Taylor-Reed Corporation | |
Industry: | Food processing |
Founded: | 1939 |
Defunct: | 1980 |
Location: | Stamford, Connecticut Mamaroneck, New York |
Products: | Food |
The Taylor-Reed Corporation was an American food manufacturer and packager that operated from 1939 to approximately 1977. It was founded by two Yale classmates (class of 1933), Malcolm P. Taylor (1911-2000) and Charles M. D. Reed (1911-2008), who had worked together on the campus humor magazine The Yale Record.[1] Initially headquartered near Taylor's home in Mamaroneck, New York, the company soon moved operations a few miles away to Crescent Street in Glenbrook, Connecticut, a light-industrial and residential section of Stamford in Fairfield County, Connecticut.

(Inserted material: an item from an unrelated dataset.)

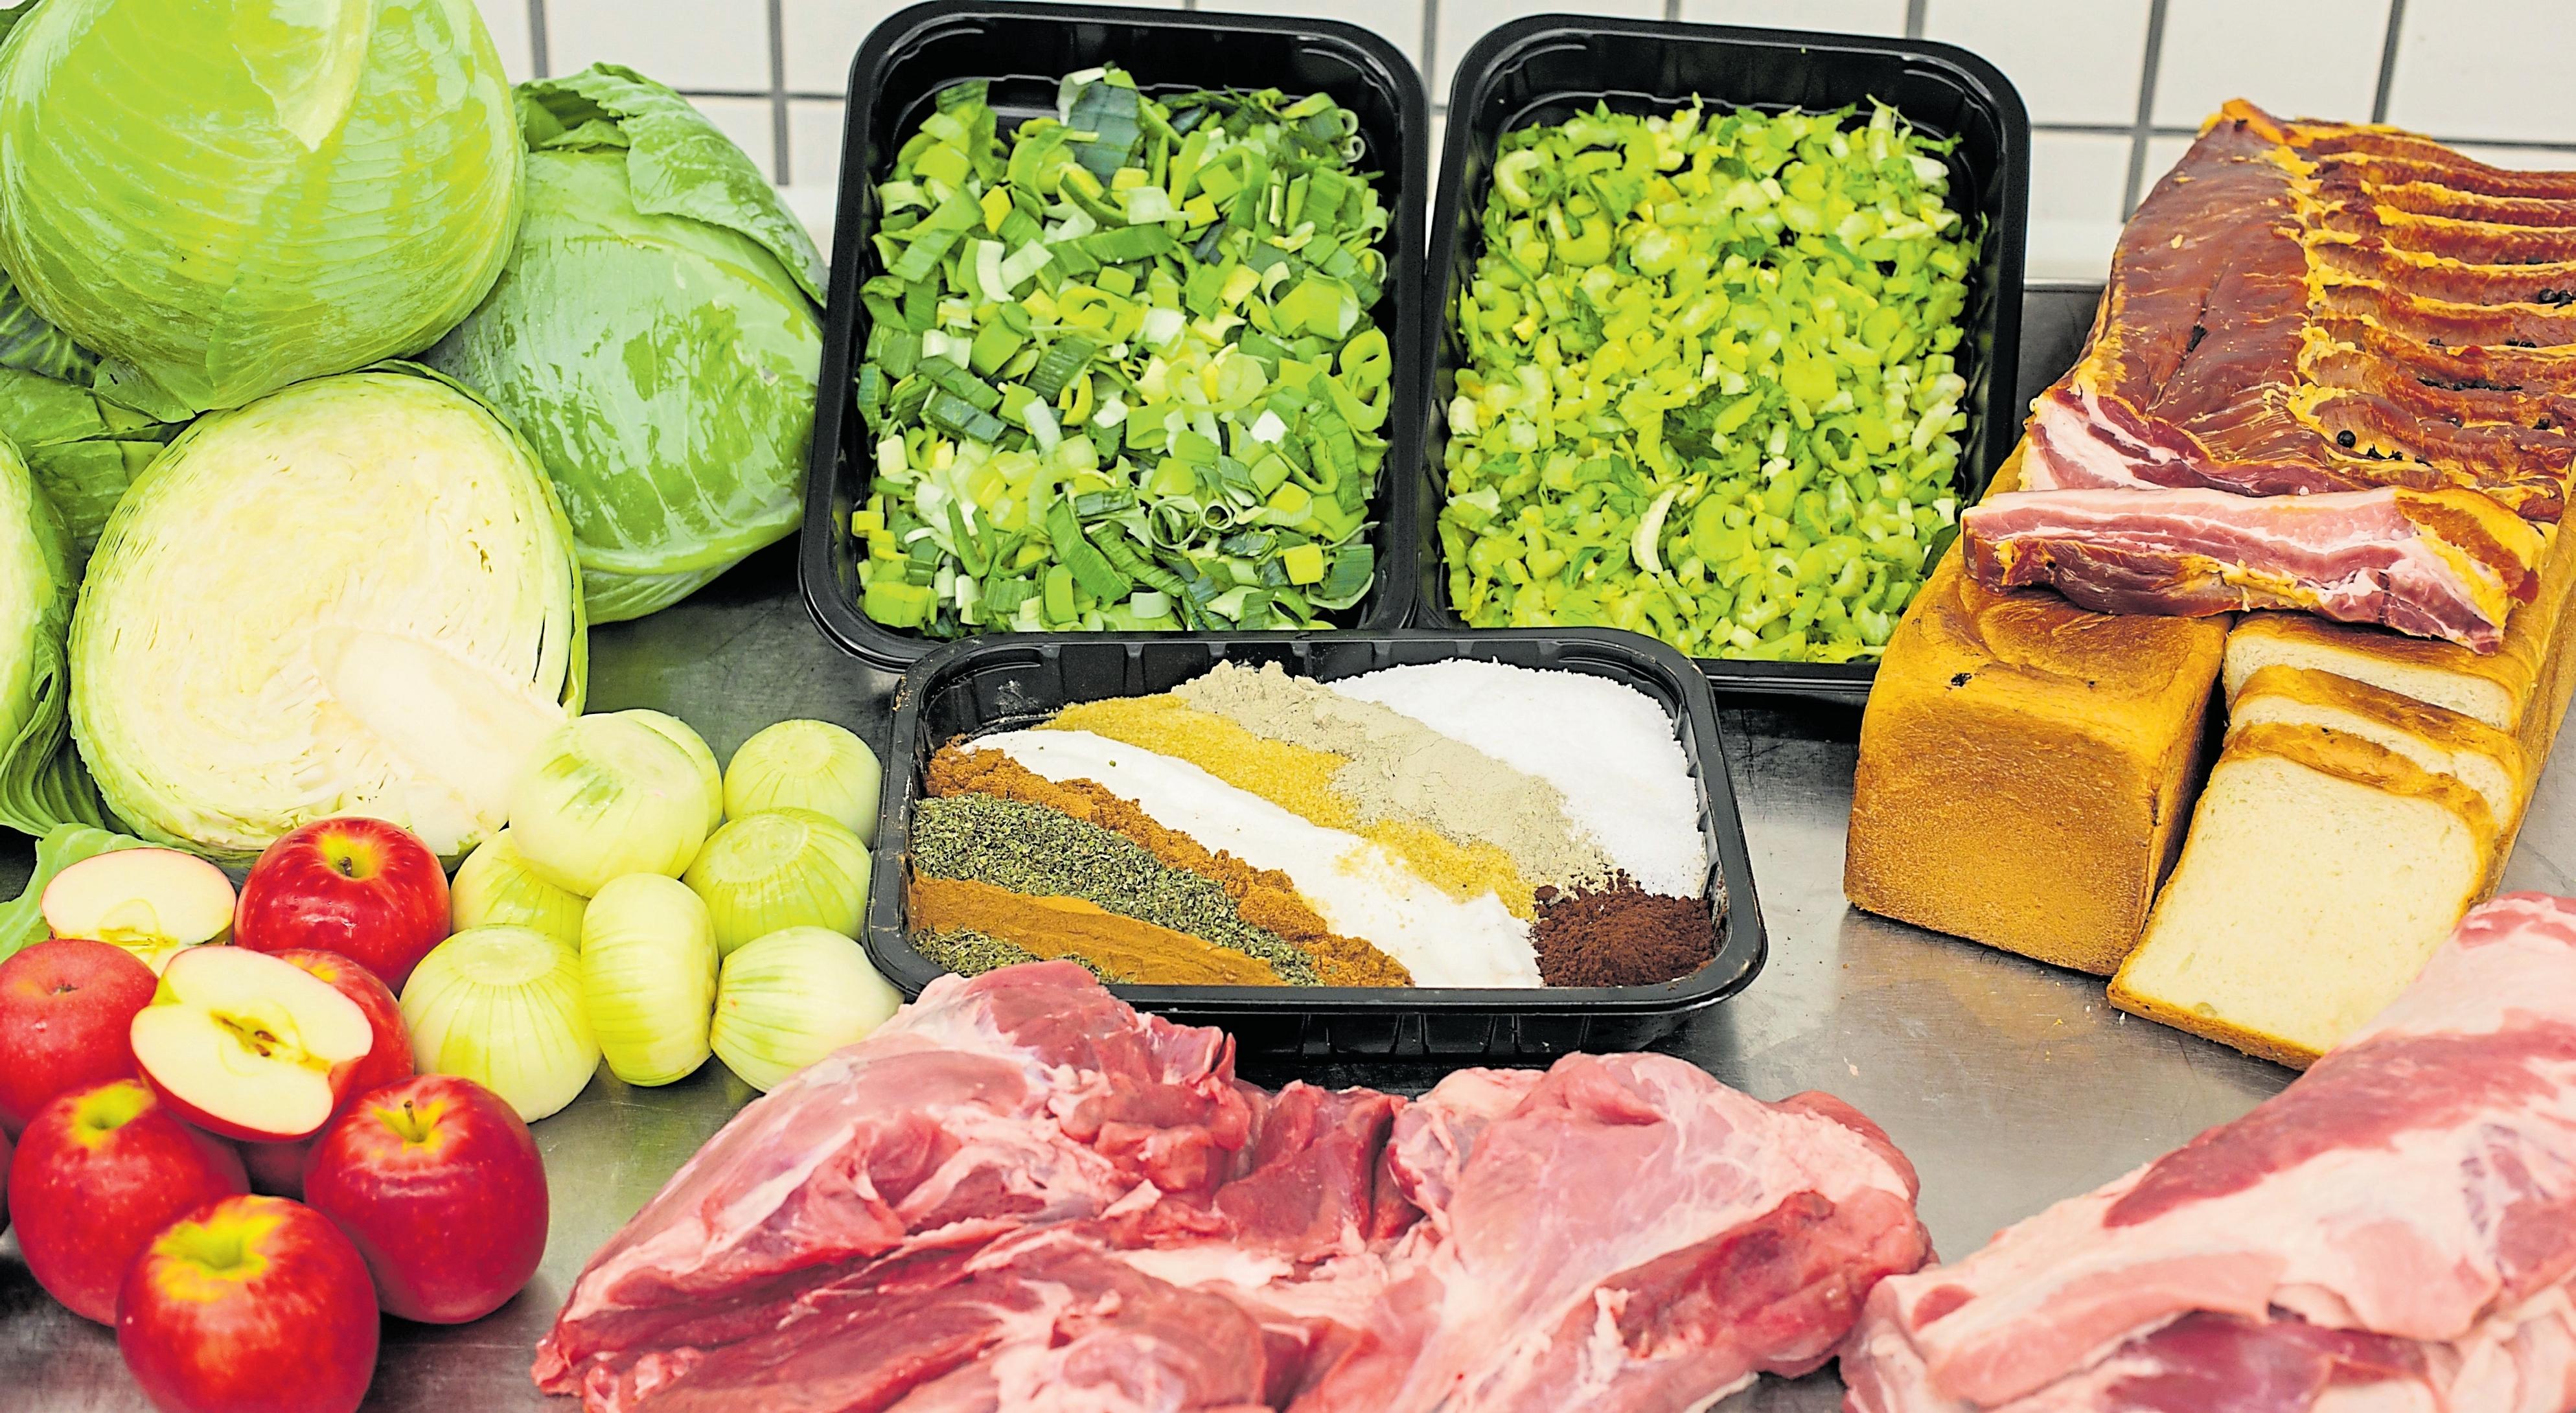 Neben Schweineblut werden für Träipen Brot, Sellerie, Lauch, Kohl, Zwiebeln, Fleisch, Speck und eine eigene Gewürzmischung verarbeitet.

Taylor-Reed specialized in a handful of consumer snack products, notably Cocoa Marsh which they called a "milk amplifier" or "milk booster" and E-Z Pop popcorn. It also manufactured Q-T Instant cake frosting and a variety of bulk institutional foods.[2]
During its early years, Taylor-Reed's main line of business was packaging sugar and chocolate rations for the War Department. In the postwar years, the company's best-known product was Cocoa Marsh chocolate syrup, which advertised heavily on children's programming in the New York City television market during the 1950s and 1960s.[3] For many years the Taylor-Reed plant, with its Cocoa Marsh billboard ("Be strong as a lion!") was a familiar landmark by the Glenbrook station on the New Haven Railroad.
The company would on occasion issue jars of Cocoa Marsh with a toy surprise hidden in a double top. The regular metal jar cover had an additional white top cover approx. 3/4" tall attached with a white plastic strip. The toy surprise was located in this top cover. Other jars came with the pump cover - which could be re-used on a "refill" jar or the jar with the toy, also a re-fill jar.
After partners Taylor and Reed retired from day-to-day business (about 1970) the company gradually ceased operations as a food manufacturer and began to rent out and finally sell its premises. The factory's main driveway off Crescent Street is now officially designated Taylor Reed Place.
In 1963 E-Z Pop figured in a landmark patent-infringement case, with Taylor-Reed as the plaintiff and Mennen Food Products, manufacturer of Jiffy Pop, as the defendant. Taylor-Reed had acquired the patent rights to E-Z Pop popcorn in 1954.[4] The U.S. Court of Appeals, Seventh Circuit, struck down a lower-court ruling that Jiffy Pop's packaging, in particular its expanding-foil pouch, was equivalent to E-Z Pop's. The Appellate Court found that Jiffy Pop's aluminum foil was compressed in a spiral arrangement and this was a significant improvement on E-Z Pop's "button" compression.[5]